Mine? 'Oversimplified logic?'

I love it.

Yes, it's simple.

And it's logical.

The fact is, you can't make an argument from silence stick, Ros.

If you want to look at a strata of rock (that's supposed to be) from the X Period and say 'hmmmm there are no fossils of ABC animal that we can find here, therefore they must not have been around then.' ------- now THAT'S a specious argument.
0 Replies
 
rosborne979
 
  1  
Reply Wed 26 Oct, 2005 06:27 am
real life wrote:
Mine? 'Oversimplified logic?'


Yes.

The fossil evidence is not one or two shells found in a cliff. In many cases, it's the recorded change of whole ecosystems. Your oversimplified logic ignores the reality of the bulk of the evidence, and focuses on an isolated logical statement which doesn't apply to the body of evidence.

Specious.
0 Replies
 
rosborne979
 
  1  
Reply Wed 26 Oct, 2005 06:32 am
neologist wrote:
Anybody want to take a stab at what constitutes proof?

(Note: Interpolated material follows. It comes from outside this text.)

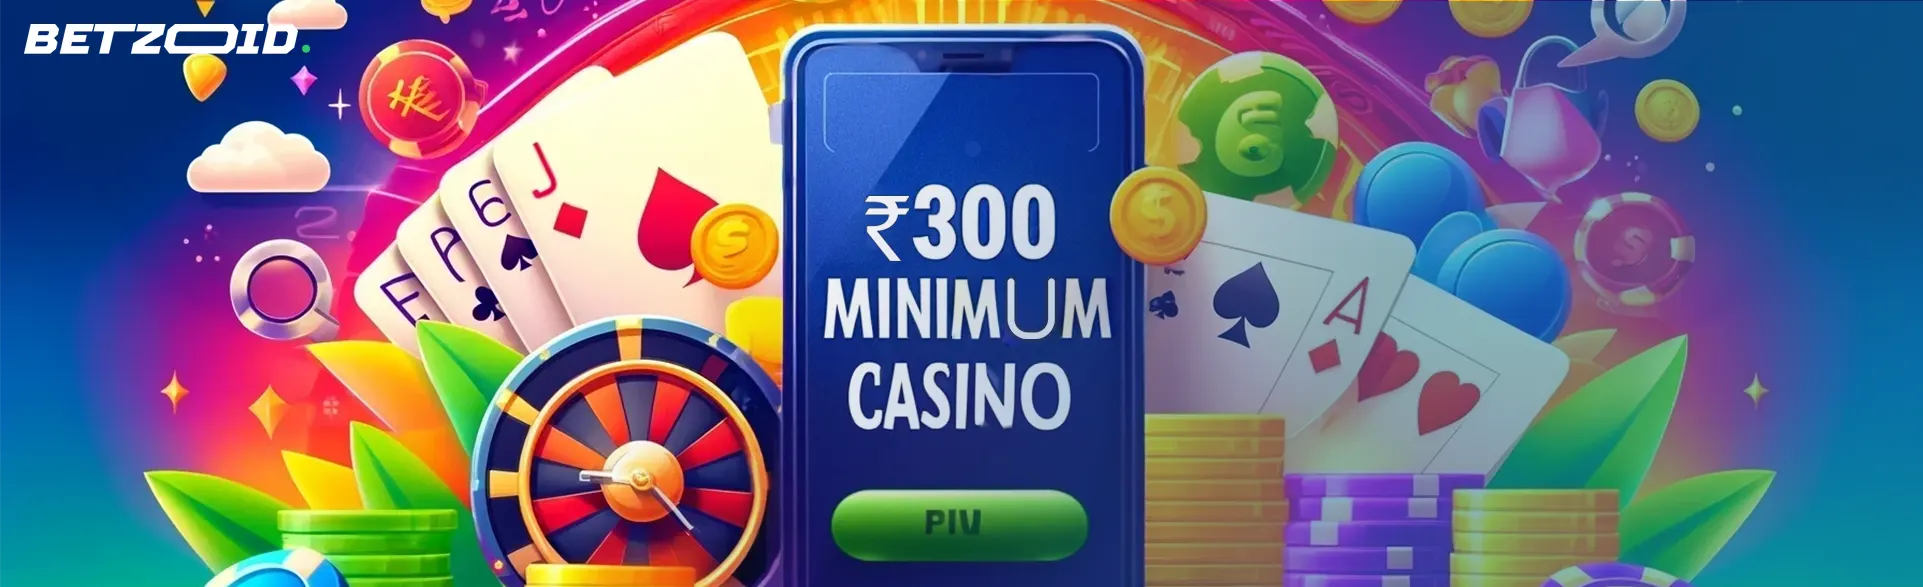 Mobile phone displaying '₹300 Minimum Casino' with colorful casino elements like playing cards, roulette wheel, and poker chips in the background.
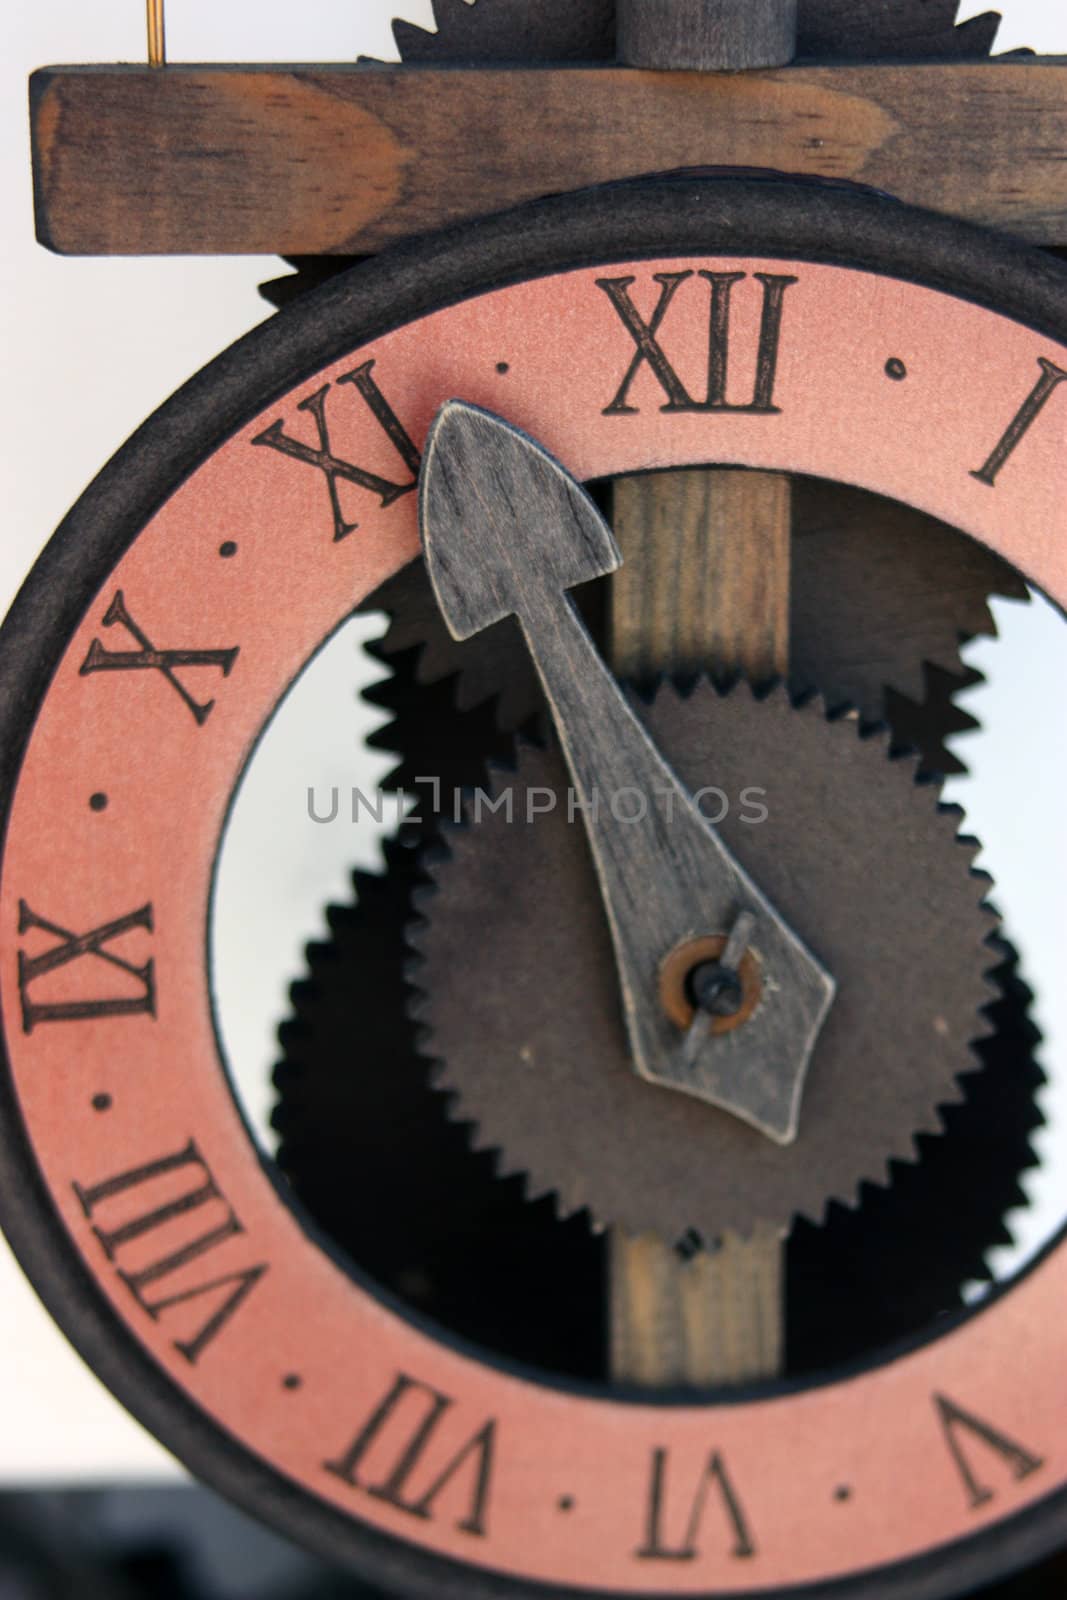 Imitation antique wall clock with arrows and numbers.

Usage of the term "proof" is of course the core of the difference of opinion in many of these debates.

I use "proof" in a scientific and legal sense, where it means "proof beyond a reasonable doubt".

The other usage would be philosophical, where "proof" relates in some way to "knowing". Scientists who are talking about evolution are using proof in a scientific sense.